George Churchill was born at Minterne Magna, Dorset on 20 February 1654, second surviving son of Sir Winston Churchill (1620–1688) of Glanvilles Wootton, Dorset and Elizabeth Drake, whose family came from Ash, in Devon. Winston served with the Royalist Army in the Wars of the Three Kingdoms and was heavily fined as a result, forcing his family to live at Ash House with his mother-in-law.

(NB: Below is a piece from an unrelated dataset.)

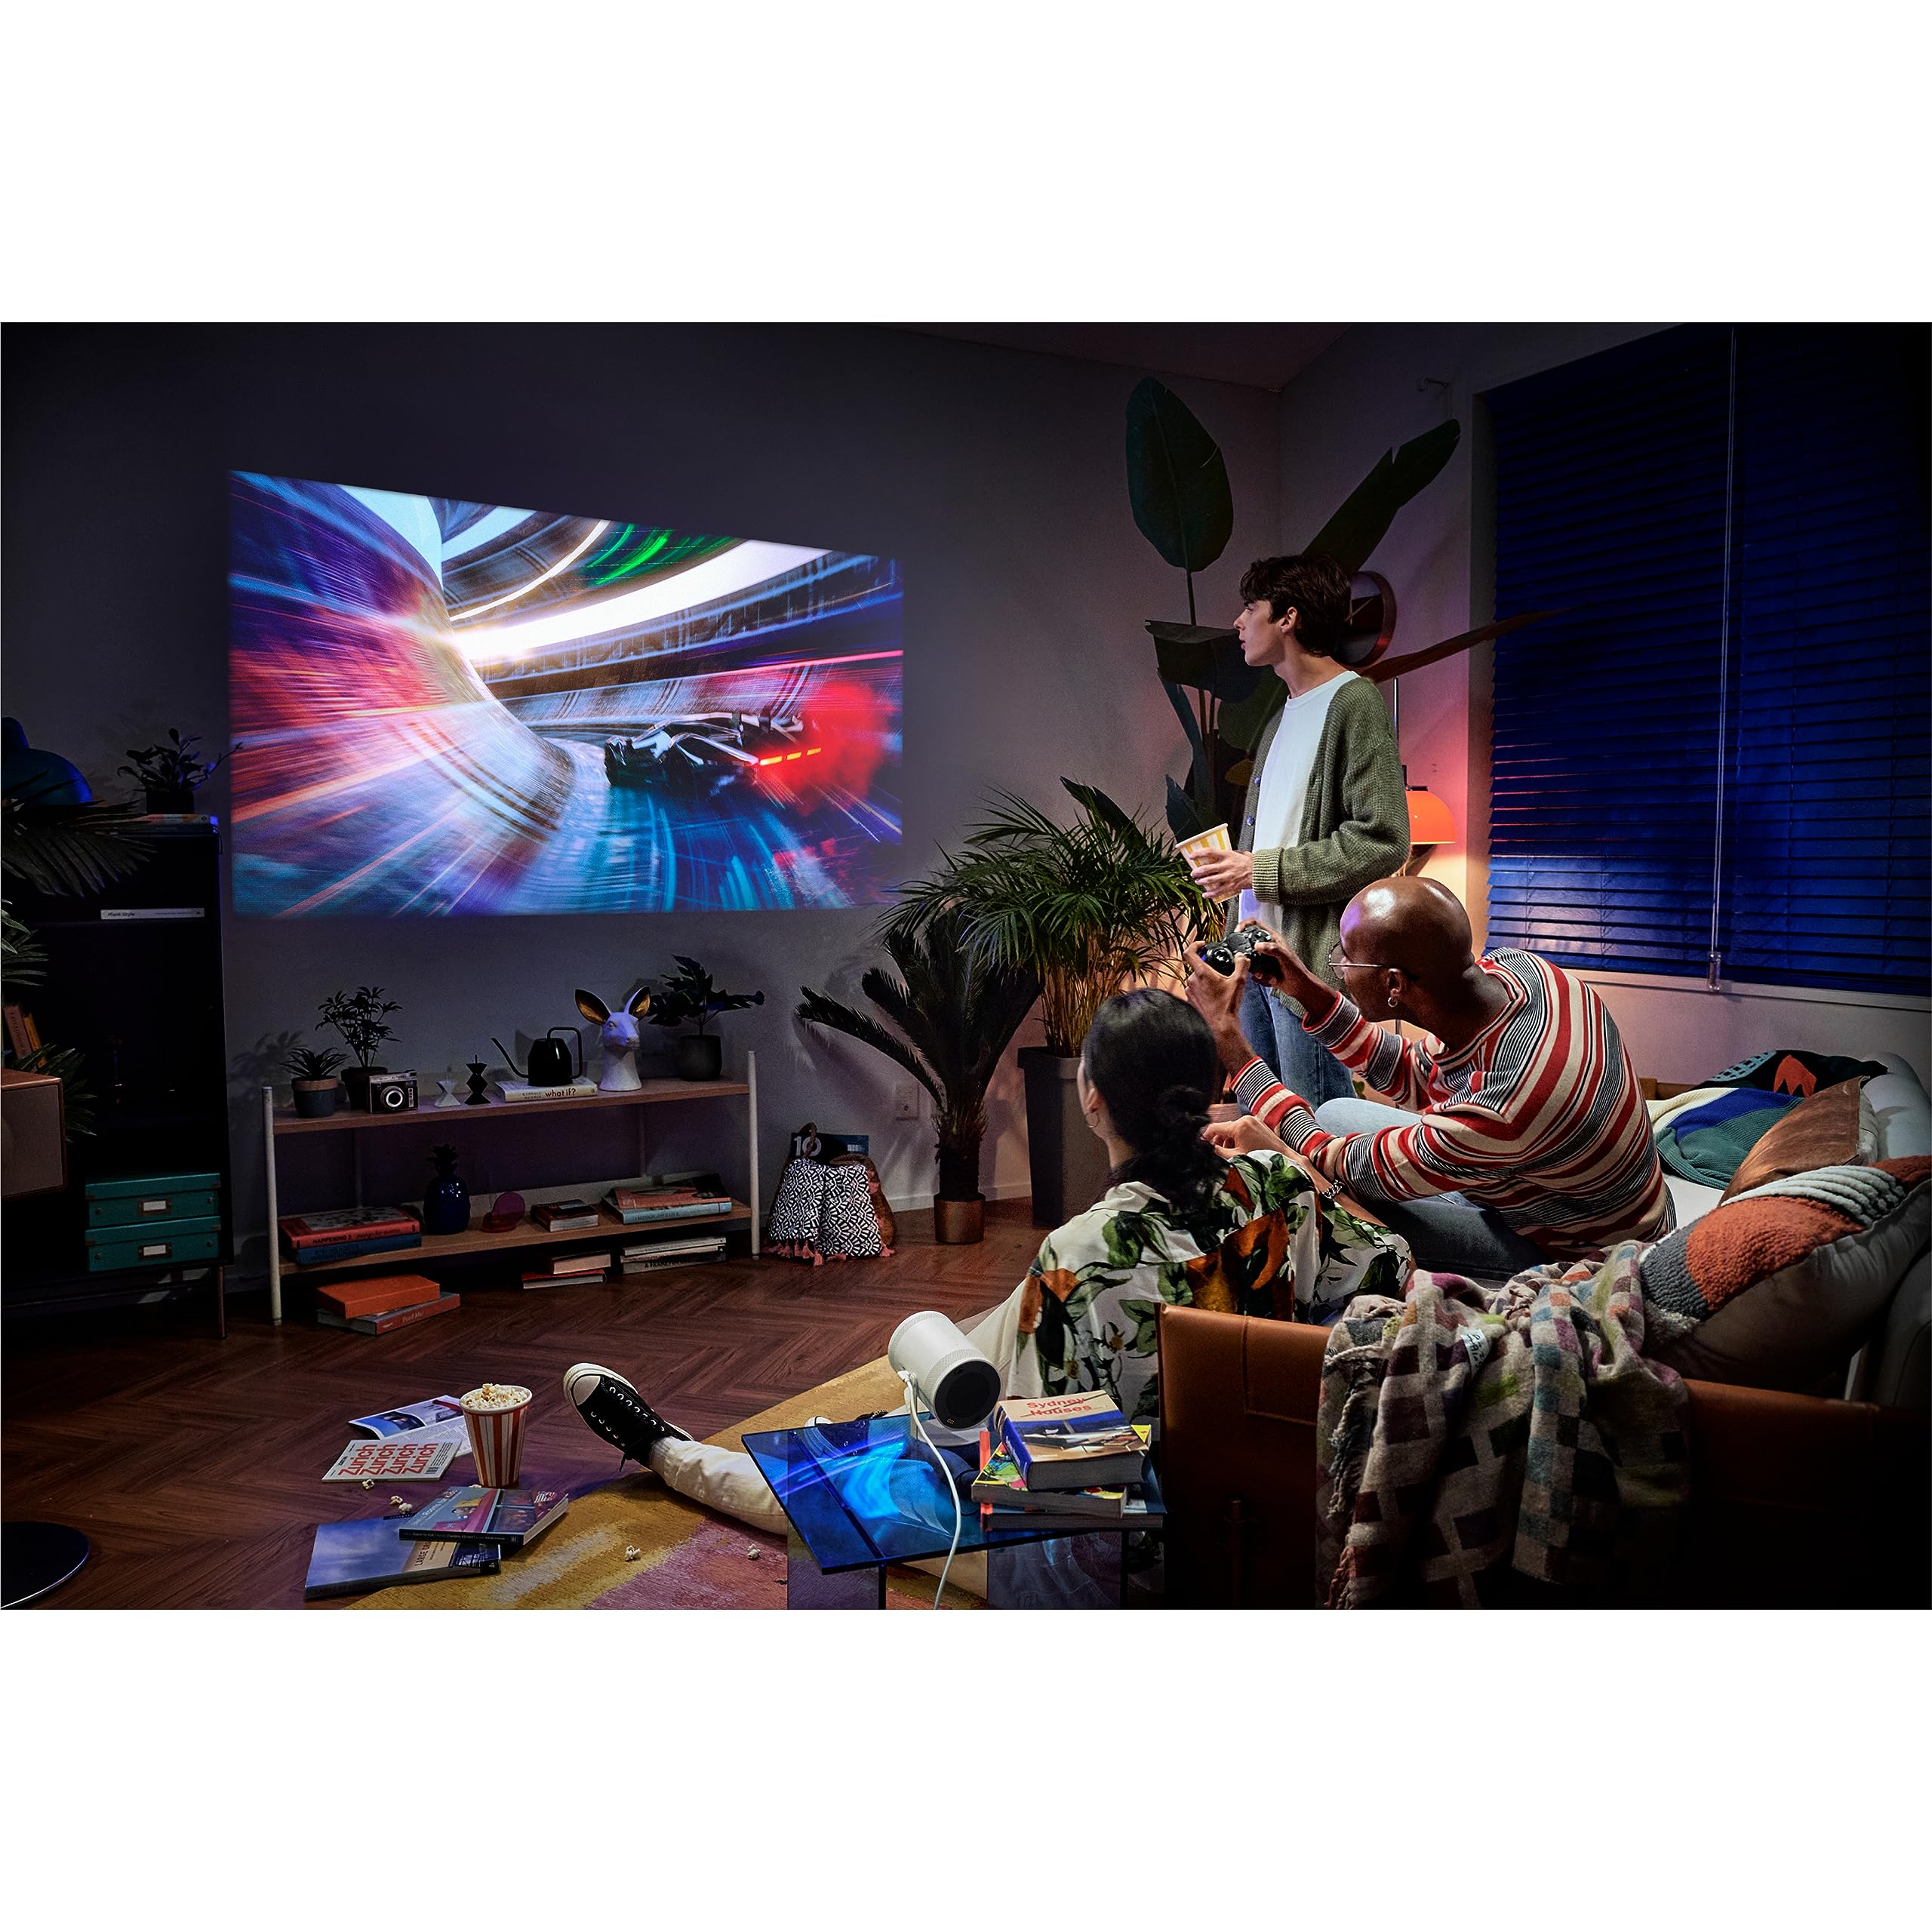 SAMSUNG 30” - 100” The Freestyle Gen 2 with Gaming Hub Smart Portable Projector, FHD, HDR, Big Screen Home Theater Experience, 360 Sound, SP-LFF3CLAXZA, 2023 Model

George had three surviving brothers, John, later Duke of Marlborough (1650–1722) and Charles (1654–1714). Another brother, Theobald, died in 1685. Charles often served as John's subordinate and both were political Whigs, while George was a Tory; they quarreled in later life and neither was an executor of his will.

He was closer to his sister Arabella (1648–1730), mistress of James II from 1665 to 1674 and mother of his eldest son, the Duke of Berwick (1670–1734). His will made a bequest to Francis Godfrey, another of Arabella's sons, and she was buried next to him in Westminster Abbey.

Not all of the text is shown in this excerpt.